### Computer Architecture and Organization Prof. Indranil Sengupta Department of Computer Science and Engineering Indian Institute of Technology, Kharagpur

# Lecture – 64 Summarization of the Course

So, we have at last come to the end of this course on computer architecture and organization. Over the last 12 weeks we have discussed the various concepts that are pertaining to computer organization and architecture. We have looked at some of the basic concepts. We have also looked at some of the advanced concepts that are there in many of the modern day processors. Before we say good bye to you, we would like to summarize the coverage of this course as we have carried out over the different weeks. I will be requesting Dr. Datta to talk about the first 6 weeks of the course that she had handled.

(Refer Slide Time: 01:13)



So we have covered 12 weeks in total. Initially we started with the evolution of computer systems where we looked into how computers have evolved over the years, and of course where we stand today. In fact, the last lecture that you have heard that would have given you a picture of where we are now. We have also discussed about the basic operations of a computer, how a particular instruction is executed, what are the operations a computer performs, various memory addressing and system softwares. Like when we say that we

are executing an instruction, we have shown that we store the instructions in memory. One by one we bring those instruction through some registers to our processor and then we execute it. In this process we require two important registers that is memory address register and memory buffer register or memory data register.

Then we talked about various architecture types, like von Neumann architecture and Harvard architecture. If you in von Neumann architecture we discussed about that how both program and data are stored alongside, and each time processor needs to access a particular data or instruction it fetches from memory, bring it to the processor and then it executes. But if you want to access either the instruction or the data you have to hit the same memory, because we are storing both the data and the program in the same memory. This kind of architecture is called von Neumann architecture. And we also discussed about Harvard architecture. We have seen that in Harvard architecture we store the data and instruction in two separate memories.

We have seen the advantages of using both Harvard architecture as well as von Neumann architecture. And if you think of that, going from the first lecture to the last lecture, some way or the other you can relate these two basic types of architectures. We then discussed about instruction set architecture or ISA, which is the programmer's view of the computer. How the programmer actually sees the computer. Like when we say a programming model, we can actually bring out how we can execute an instruction step by step, what steps are required. So, ISA is the programmer view of the computer.

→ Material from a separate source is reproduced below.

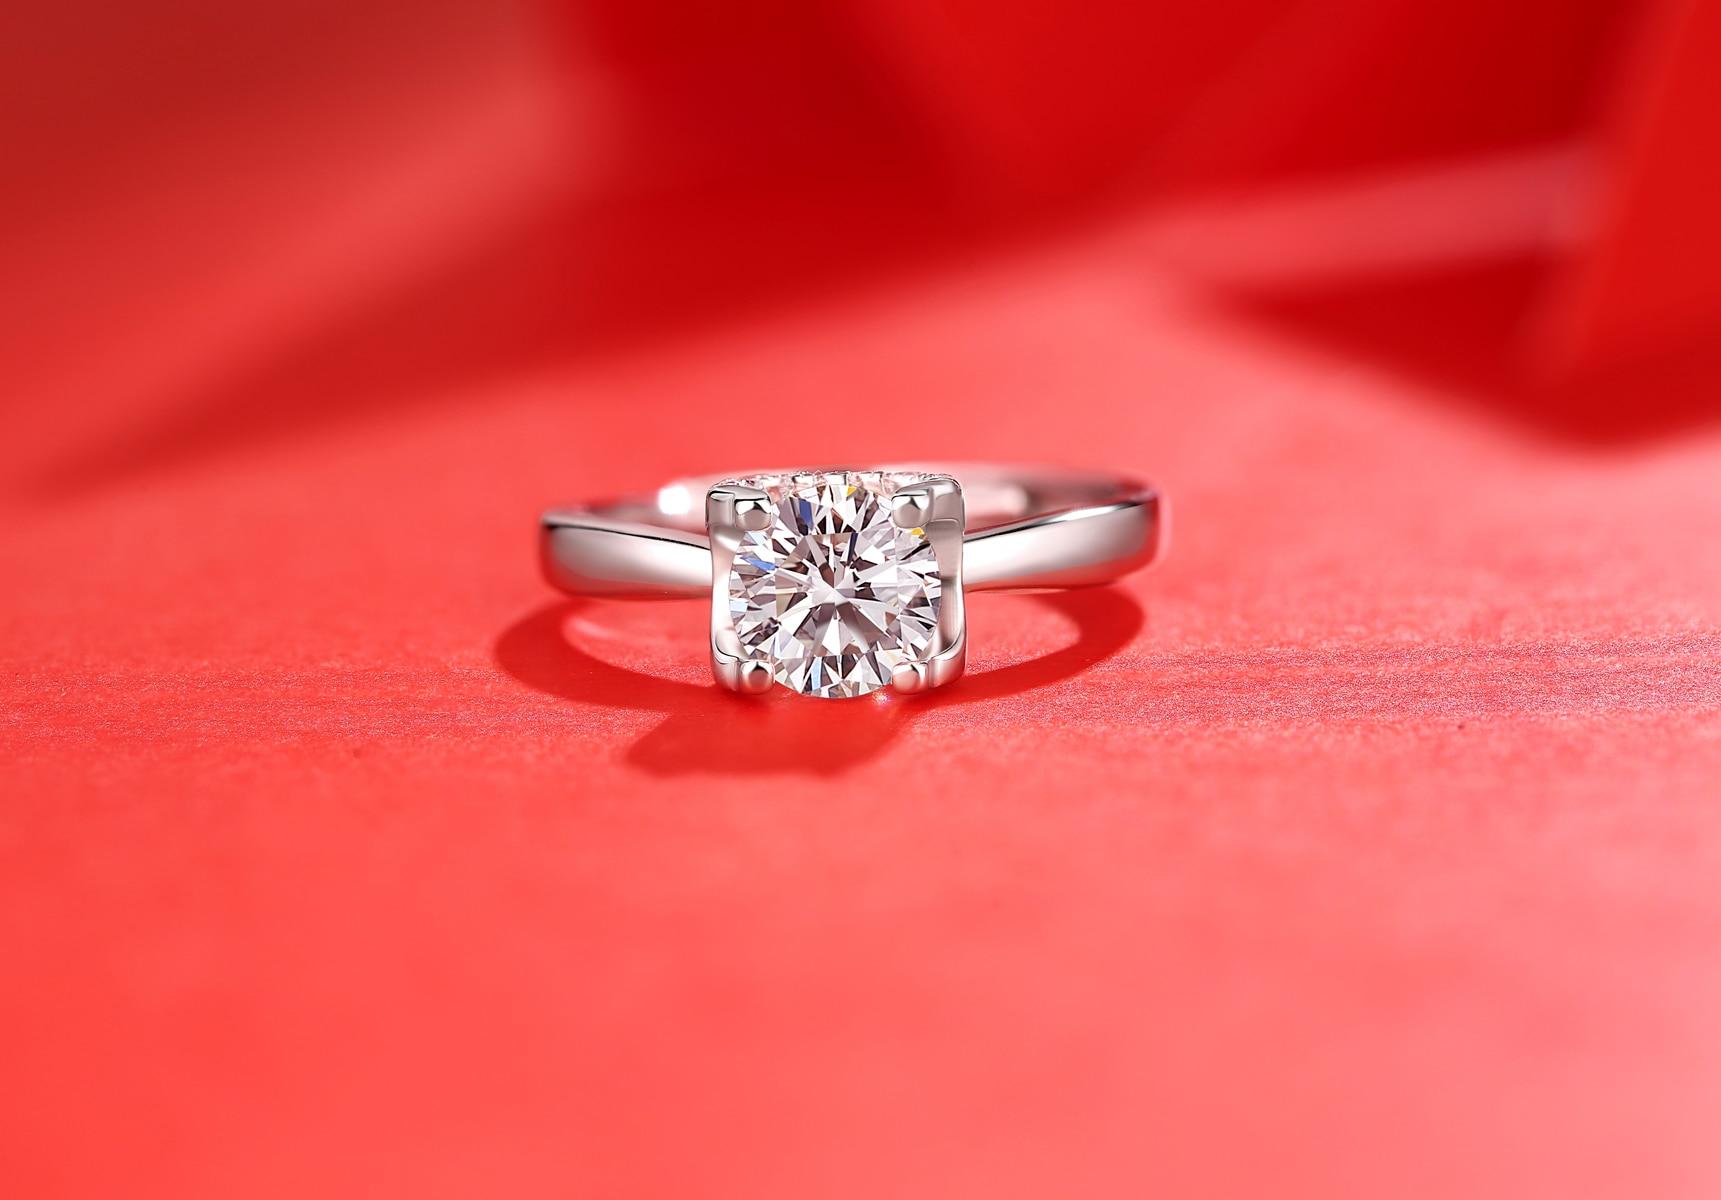 Yulaili Simple classique 925 dames anneaux conception angulaire bague pour femme bijoux fête accessoires anniversaire cadeau

### (Refer Slide Time: 04:53)



Then we moved on with week 2, where we have briefly discussed about number representation that was used in later weeks on computer arithmetic.

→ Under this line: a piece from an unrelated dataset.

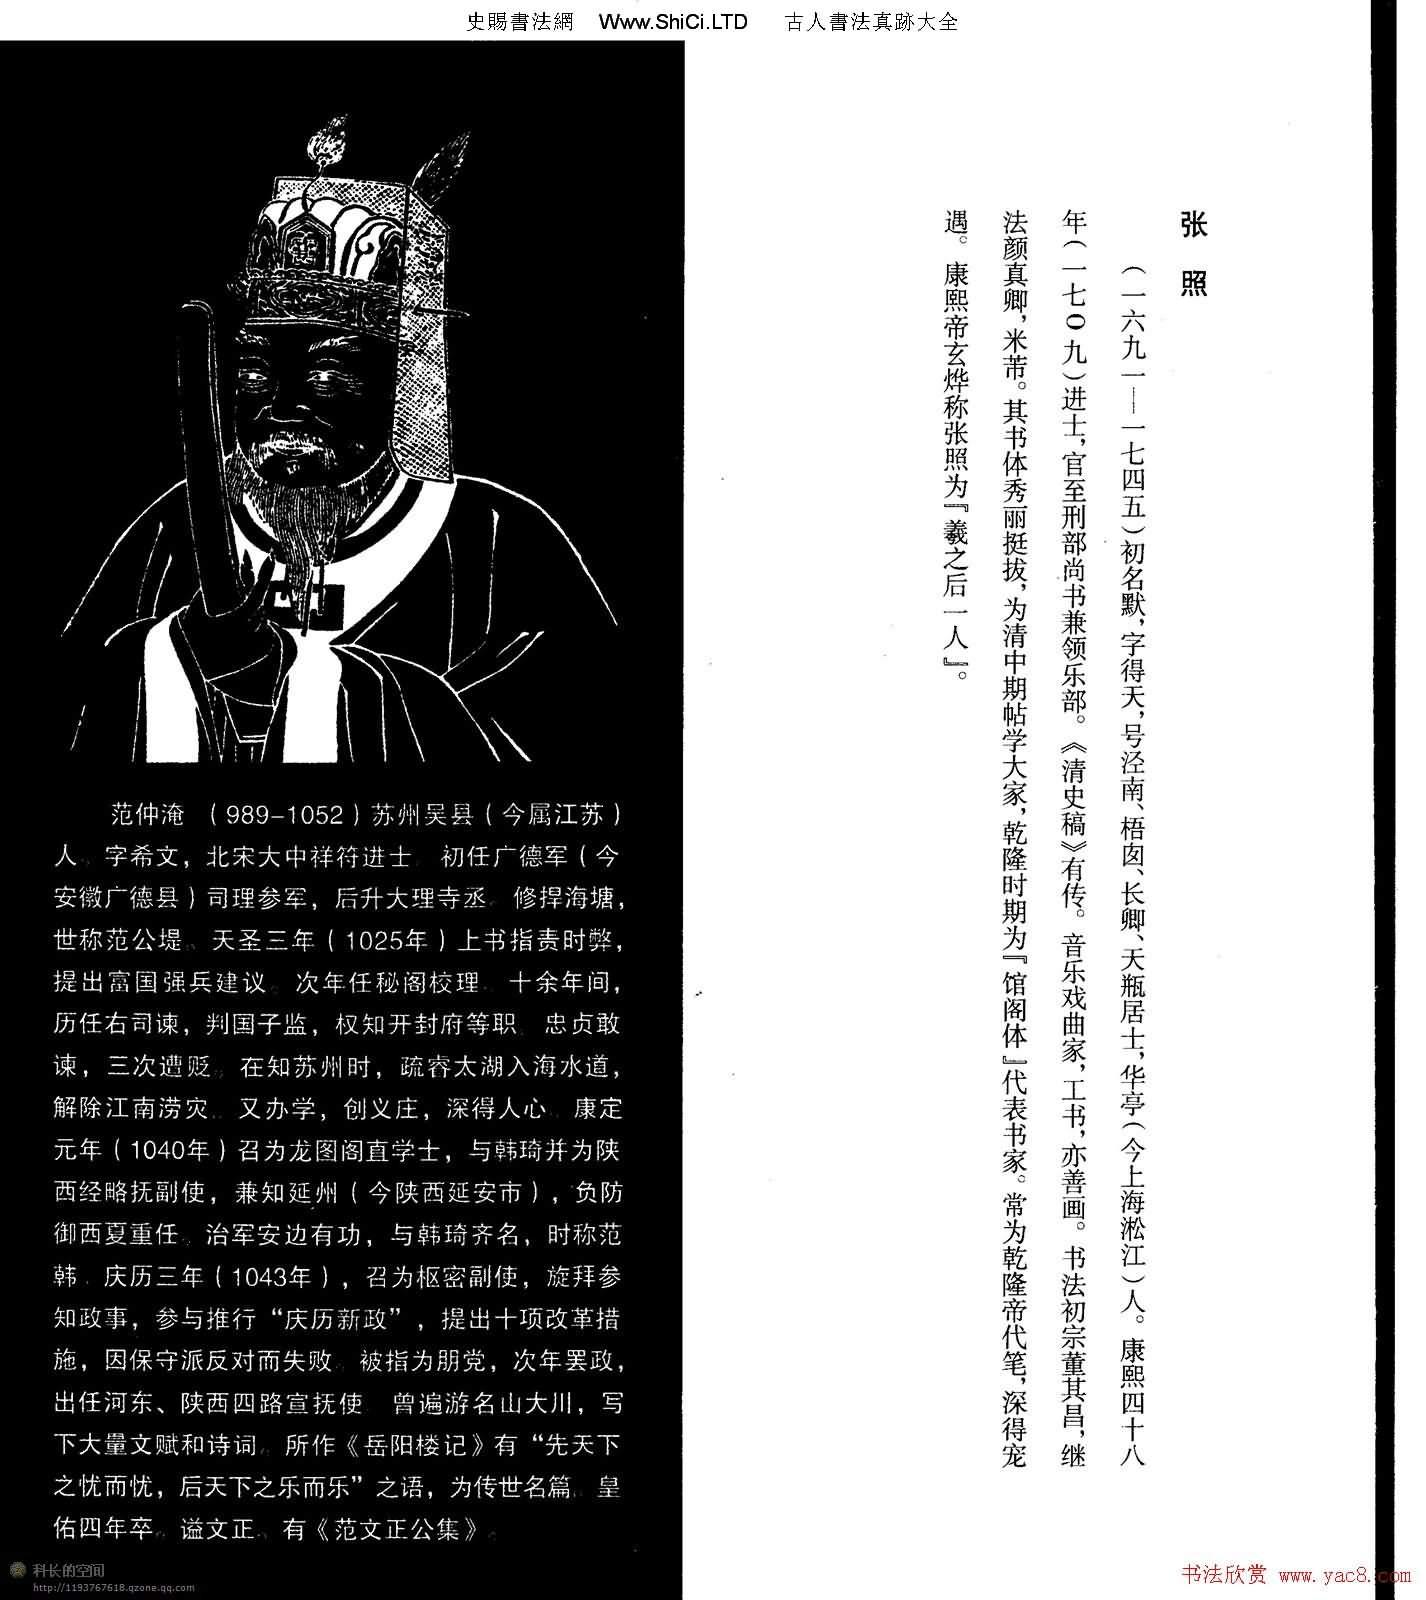 清代張照館閣體書法字帖《岳陽樓記》(共10張圖片)

We discussed the very important aspect of instruction format and addressing modes. What do you mean by instruction format?s An instruction consist of 2 parts, opcode and operand. And we have seen specifically for MIPS architecture how the instruction format is. The various addressing modes that are used today and that exist we also discussed about that. And we discussed about CISC and RISC architectures, and as a case study we have taken the MIPS32 instruction set architecture.

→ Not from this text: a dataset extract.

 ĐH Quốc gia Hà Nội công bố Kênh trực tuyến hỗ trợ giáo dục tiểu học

Then we also discussed about SPIM that is a MIPS32 simulator. Through examples we have shown how we can write an assembly language code, and execute it on SPIM.

# (Refer Slide Time: 06:58)



Then we moved on with week 3, where we actually discussed about the quantitative approaches in evaluating the design alternatives.

By this what we mean is that these are very important concepts in modern-day technology. And here we actually show that how we can say that a computer A is better than computer Ba. ALso, what are the design principles that are followed.



(Refer Slide Time: 07:43)

And then we have taken many examples to evaluate it, and the famous Amdahl's law and its applications we have discussed.

Then we moved on to week 4 where we discussed about the design of control unit. How the instructions get executed inside a processor. The concept of micro-instructions and micro-programs have been discussed.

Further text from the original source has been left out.